The American Academy of Family Physicians notes that conventional radiography may be appropriate for select patients with suspected perforated viscus 4. When perforation is suspected based on physical findings like resonant liver percussion, an erect abdominal X-ray provides the most direct visualization of free air.

Important Clinical Caveat

Although some studies have questioned the routine use of erect abdominal radiographs 1, 2, the specific clinical scenario presented (resonant liver percussion) represents a high-risk situation where visualization of free air is critical for diagnosis. In this particular case, the erect abdominal X-ray remains the most appropriate initial test.

For a more comprehensive evaluation after the initial X-ray, CT with IV contrast would be recommended as it has superior sensitivity for detecting smaller amounts of free air and can better identify the cause of perforation 5.

References

Research

The erect abdominal radiograph in the acute abdomen: should its routine use be abandoned?

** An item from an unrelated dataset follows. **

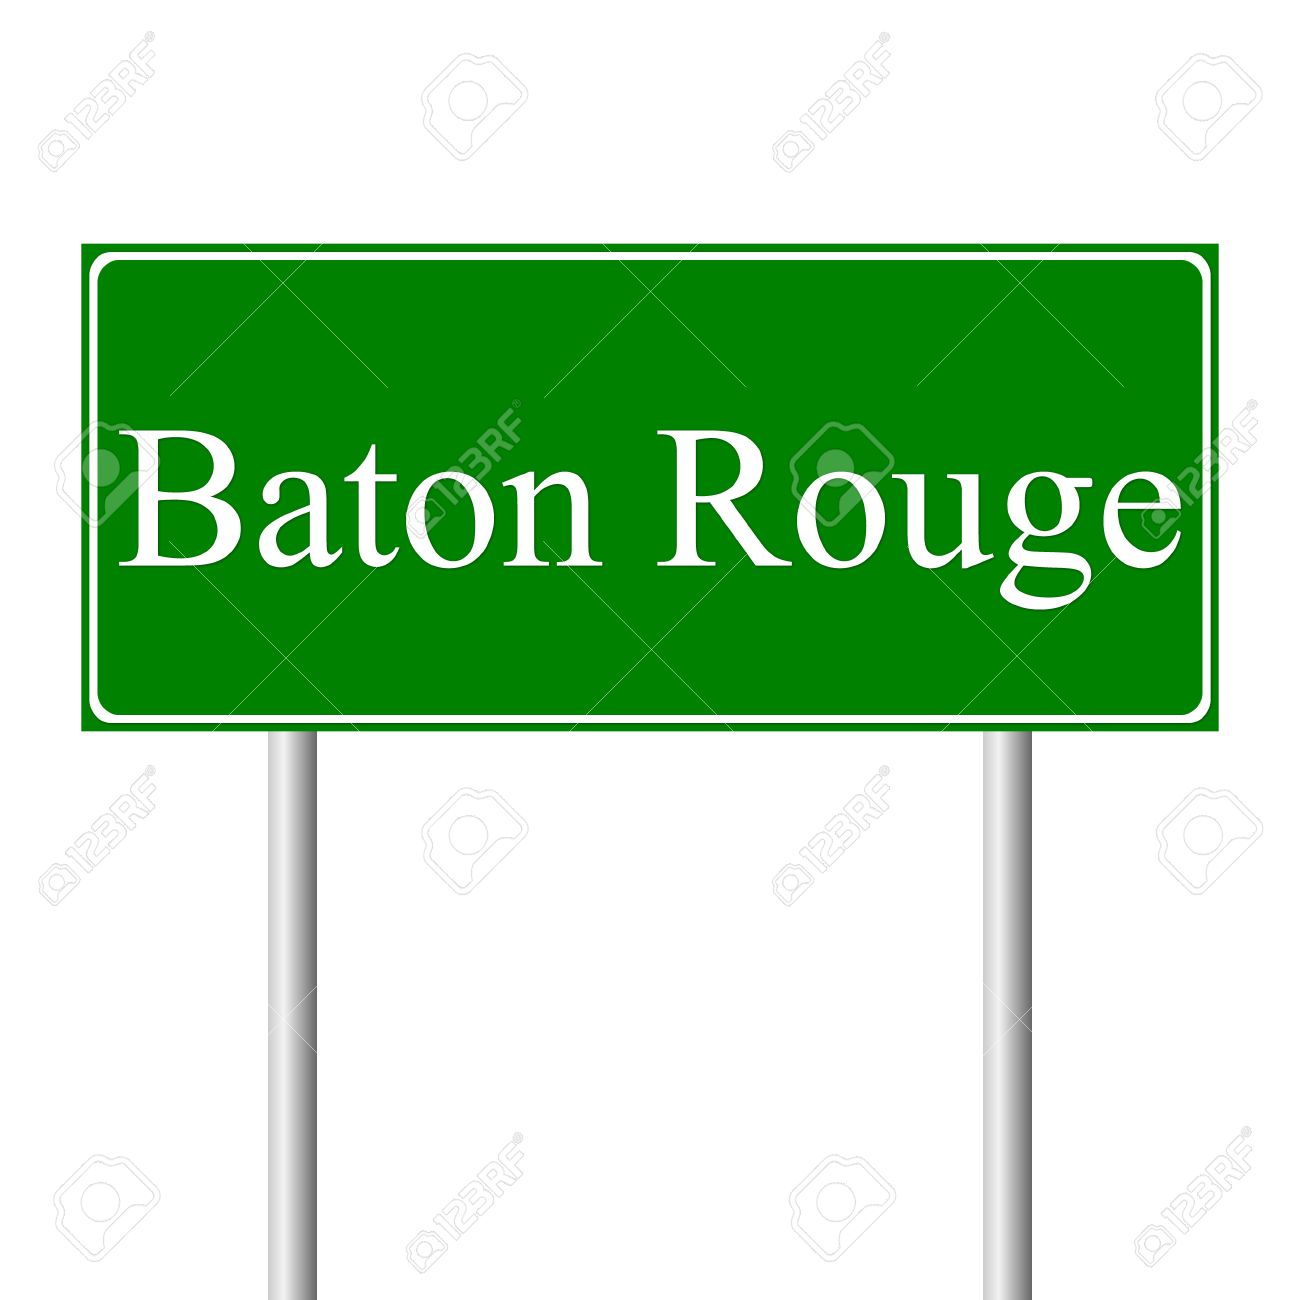 Baton Rouge Green Road Sign Isolated On White Background Royalty.
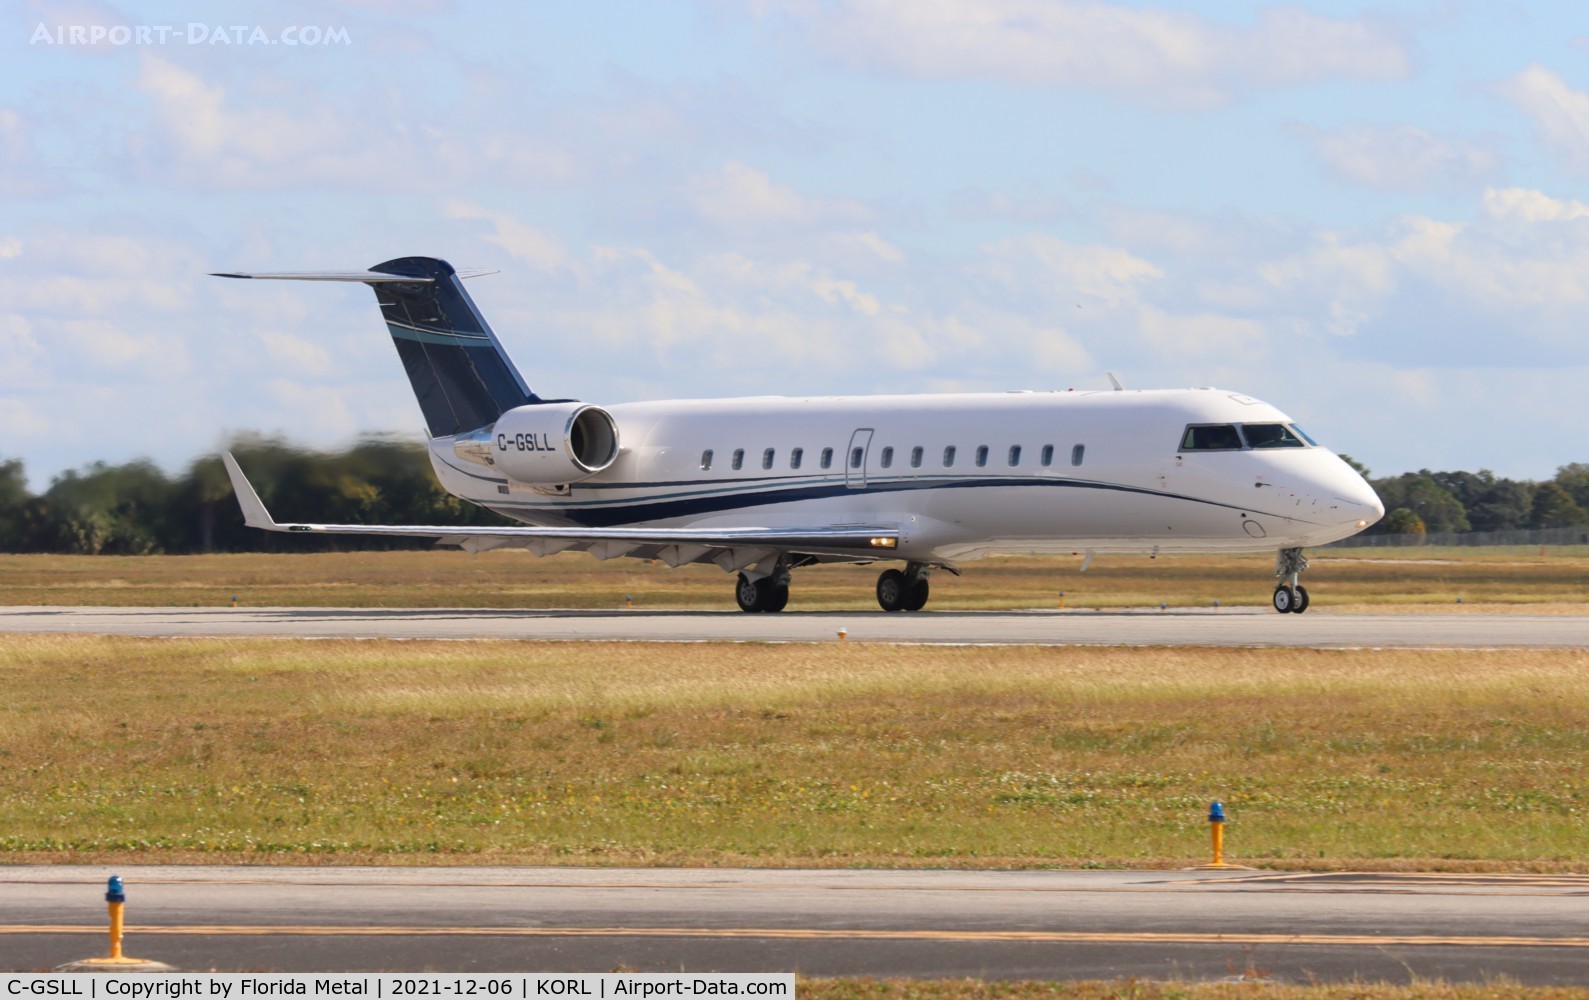 C-GSLL, 2009 Bombardier Challenger 850 (CL-600-2B19) C/N 8103, Challenger 850 zx

British medical journal (Clinical research ed.), 1985

Guideline

Guideline Directed Topic Overview

Dr.Oracle Medical Advisory Board & Editors, 2025

Guideline

Abdominal Pain Evaluation

Praxis Medical Insights: Practical Summaries of Clinical Guidelines, 2025

Professional Medical Disclaimer

This information is intended for healthcare professionals. Any medical decision-making should rely on clinical judgment and independently verified information. The content provided herein does not replace professional discretion and should be considered supplementary to established clinical guidelines. Healthcare providers should verify all information against primary literature and current practice standards before application in patient care. Dr.Oracle assumes no liability for clinical decisions based on this content.